Nous reprenons aujourd’hui « LA SUBSISTANCE – UNE PERSPECTIVE ECOFEMINISTE » (1997- trad. 2022) de Maria Mies et Veronika Bennholdt- Thomsen.

CHAPITRE 4 – LA SUBSISTANCE ET LE MARCHE

Soyons clairs : « Les relations d’échange ont toujours existé : quelle que soit la période historique considérée, il est tout simplement impossible d’imaginer une société  sans aucune relation d’échange… Mais il y eu en revanche des relations d’échange qui obéissaient à une morale différente de celle qui prédomine dans la société de maximisation du profit. »

On trouve ici une autre lecture, critique, de Polanyi, rencontré Trace 371 : « Karl Polanyi, dans « La grande transformation » (1944)  a montré comment l’économie s’est mise à déterminer le type de société existant, au lieu de l’inverse, comment on a enlevé à la nature son caractère naturel pour la réduire à un facteur dans les calculs de production, tandis qu’on attribue au marché un caractère naturel comme si ses mécanismes échappaient à l’influence humaine… Mais il n’a pas compris que ce qui était insupportable au niveau de la société dans l’économie de marché tournée vers le progrès technologique, c’est la destruction de la dimension de subsistance de l’économie, pourtant essentielle à la vie. »

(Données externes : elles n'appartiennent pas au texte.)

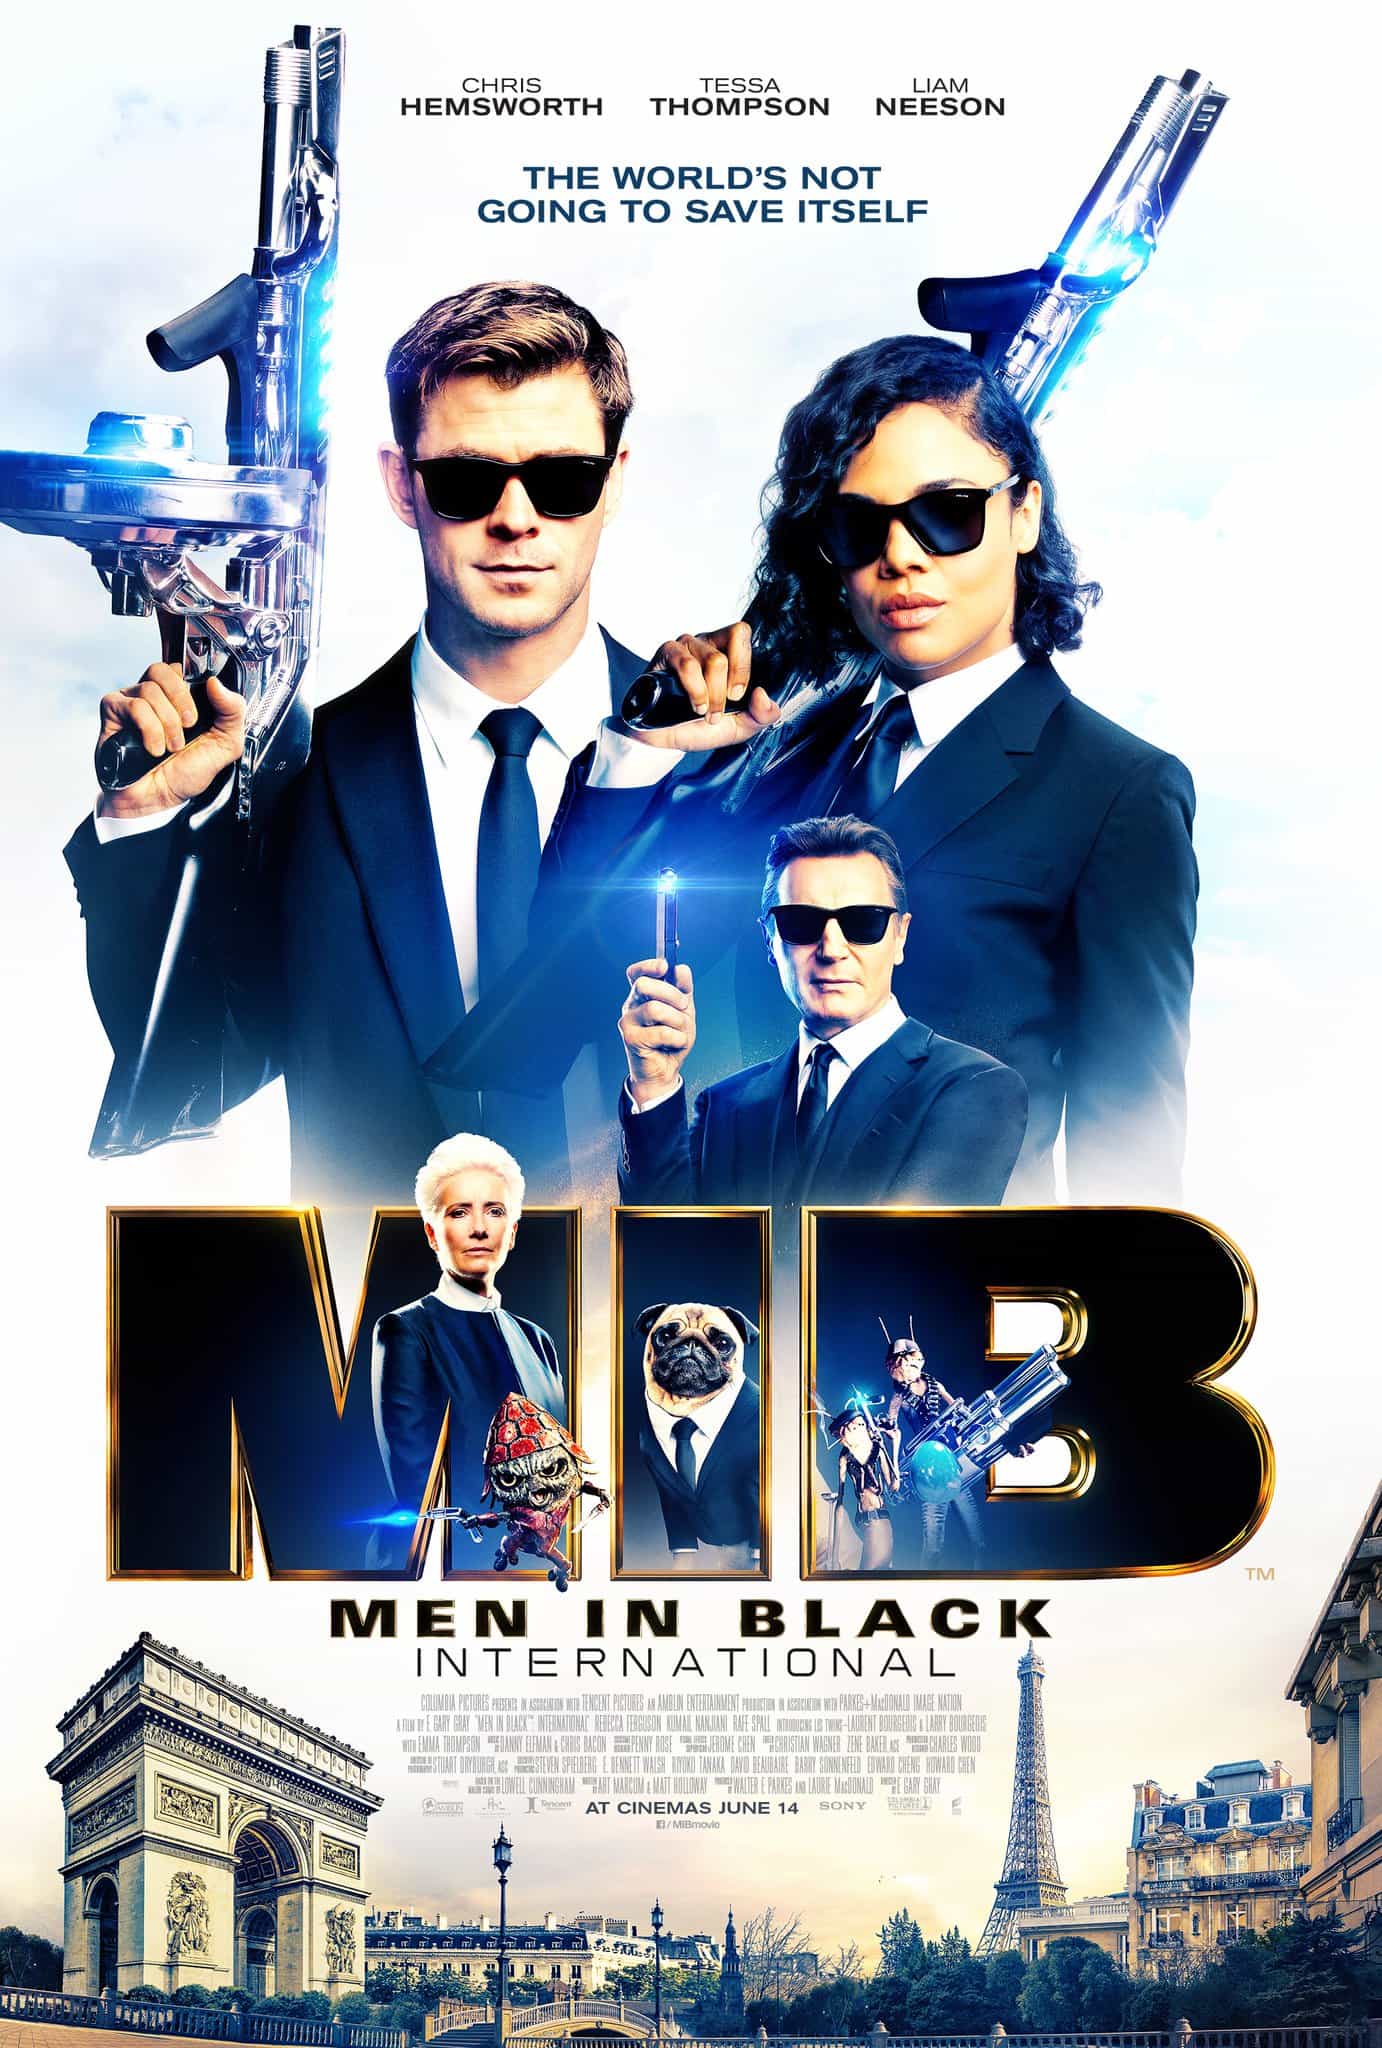 Men In Black International gets a first trailer - and they look good!

CHAPITRE 5 – LA SUBSISTANCE EN VILLE

Avant de voir Détroit, dans la Trace 430 : « Dans une anthologie consacrée à l’écoféminisme, Rachel L. Bagby a raconté comment sa propre mère a aménagé des jardins au beau milieu d’une zone industrielle abandonnée à Philadelphie dans les années 1980… et comment elle a, de ce fait, guéri la terre et produit de la nourriture, mais aussi construit une communauté villageoise de 5000 âmes en ville. »

D’une manière générale, et comme l’ont montré tant de Traces relatives à la construction des villes : « La ville moderne est incapable d’assurer sa propre existence et de se régénérer par ses propres moyens. Elle a besoin d’un arrière-pays d’où elle importe la nourriture pour ses citoyens…, et pour y déposer ses déchets… »

Mies et Bennholdt y voient une relation de sujétion : « Comme dans toutes les relations de maître à esclave, la partie qui domine dépend pour sa survie et sa vie matérielle de la partie qu’elle exploite, dévalorise, déshonore, marginalise, qu’elle exclut de la vie sociale et culturelle… Ni la libération des femmes, ni la décolonisation des pays du Sud, ni le sauvetage de la nature ne pourront s’accomplir à moins d’une transformation radicale de cette relation entre la ville et la campagne. »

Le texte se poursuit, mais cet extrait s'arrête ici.